Il vostro lavoro riguarda anche situazioni di emergenza e accoglienza. Quale ruolo può avere lo sport in questi contesti?

«Lo sport può rappresentare un primo spazio di normalità, relazione e ricostruzione.

Il progetto Sport di Prima Accoglienza, per esempio, è rivolto anche a bambini e famiglie che arrivano in Italia dopo essere fuggiti da situazioni di guerra. Durante il convegno, Malik, padre arrivato da Gaza, ha raccontato l’esperienza dei suoi quattro figli accolti nel programma e il significato che lo sport ha avuto nel loro percorso di inserimento.

In questi casi lo sport può contribuire a restituire ai bambini qualcosa che spesso viene perduto nei percorsi di fuga e di emergenza: la possibilità di tornare a giocare, socializzare, sentirsi accolti e guardare al futuro.»

Nel corso del convegno si è parlato anche di salute mentale e prevenzione del disagio psicologico. Perché è importante affrontare questi temi attraverso lo sport?

«Perché il benessere psicofisico dei giovani non può essere considerato separatamente dalla possibilità di vivere esperienze positive di relazione e partecipazione.

Il convegno ha messo in dialogo mondo accademico, professionisti e realtà sportive proprio per approfondire questo tema. È emersa l’importanza dell’attività fisica regolare e dello sport di gruppo anche nella prevenzione del disagio psicologico e nella costruzione di percorsi educativi capaci di sostenere i ragazzi nei contesti più fragili.

Per Sport Senza Frontiere significa continuare a considerare lo sport come una componente di un intervento più ampio, nel quale competenze educative, psicologiche e sportive lavorano insieme.»

Dopo questi primi 15 anni, quali sono le prossime sfide?

«La sfida è crescere senza perdere la qualità del modello.

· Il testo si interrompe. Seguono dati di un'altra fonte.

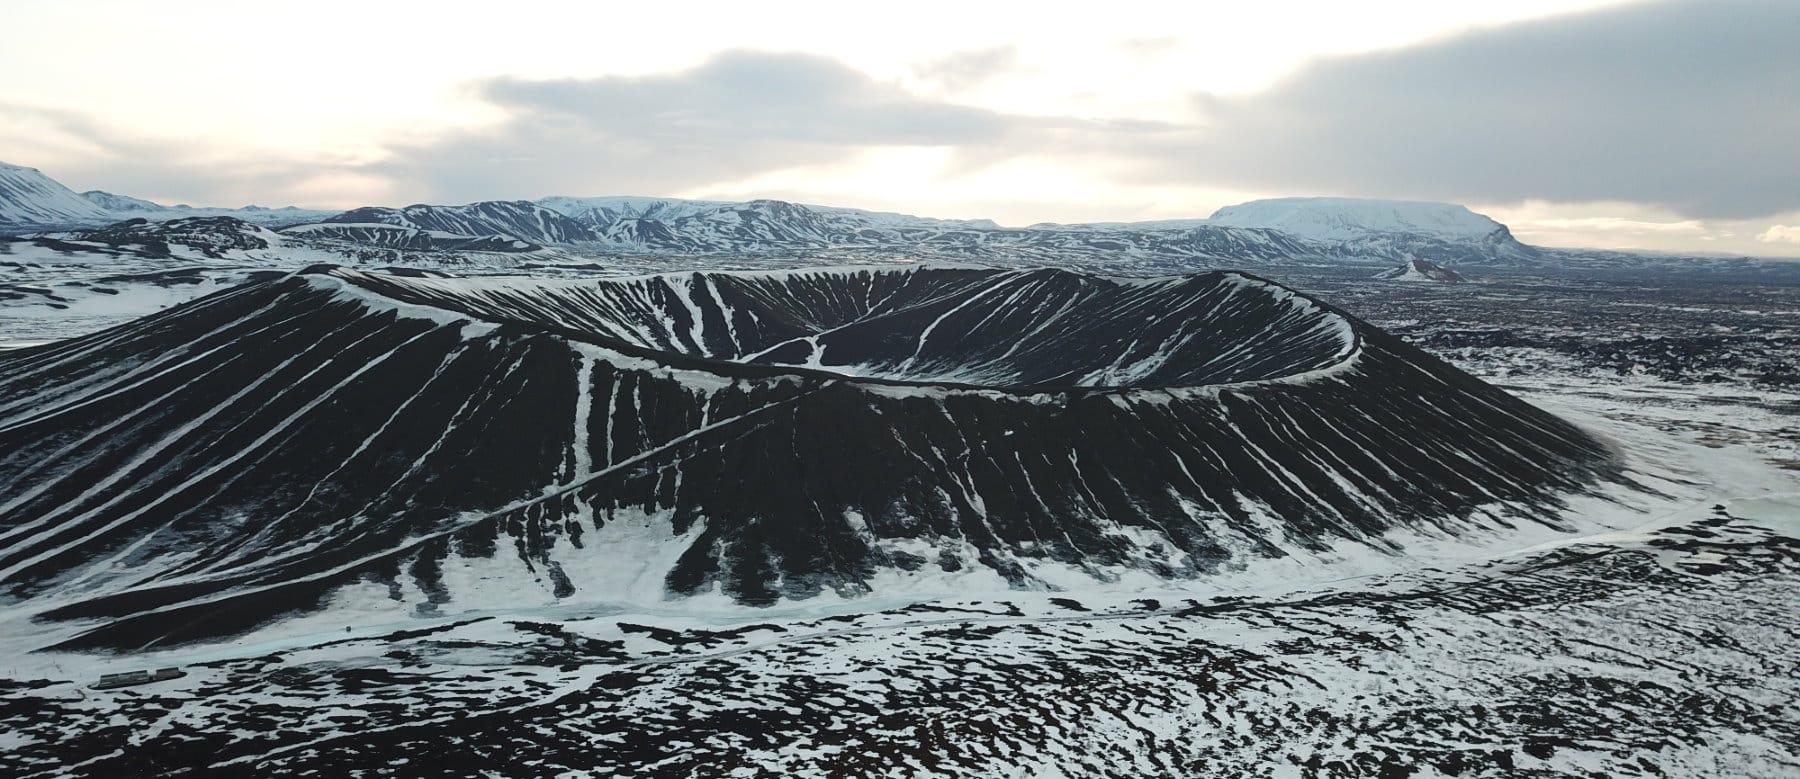 Hverfjall dans le nord de l'Islande

Sport Senza Frontiere vuole aumentare il proprio impatto e raggiungere nuovi territori, a partire da Palermo, continuando a lavorare sulla qualità e sull’interdisciplinarità dell’intervento.

Ma c’è anche una sfida culturale: fare in modo che il diritto allo sport diventi sempre più concreto, soprattutto per i bambini e i ragazzi che vivono situazioni di maggiore vulnerabilità.»

Se doveste riassumere in una frase il significato di questi 15 anni, quale sarebbe?

«Che nessun bambino dovrebbe essere escluso dalla possibilità di scoprire, attraverso lo sport, le proprie capacità e il proprio futuro.

In quindici anni abbiamo visto che quando lo sport diventa accessibile non cambia soltanto il modo in cui un ragazzo pratica una disciplina: possono cambiare la sua fiducia, le sue relazioni, il suo senso di appartenenza e la sua capacità di immaginarsi nel futuro.

È questa la ragione per cui continuiamo a correre: perché lo sport possa essere davvero un diritto e un’opportunità per tutti.»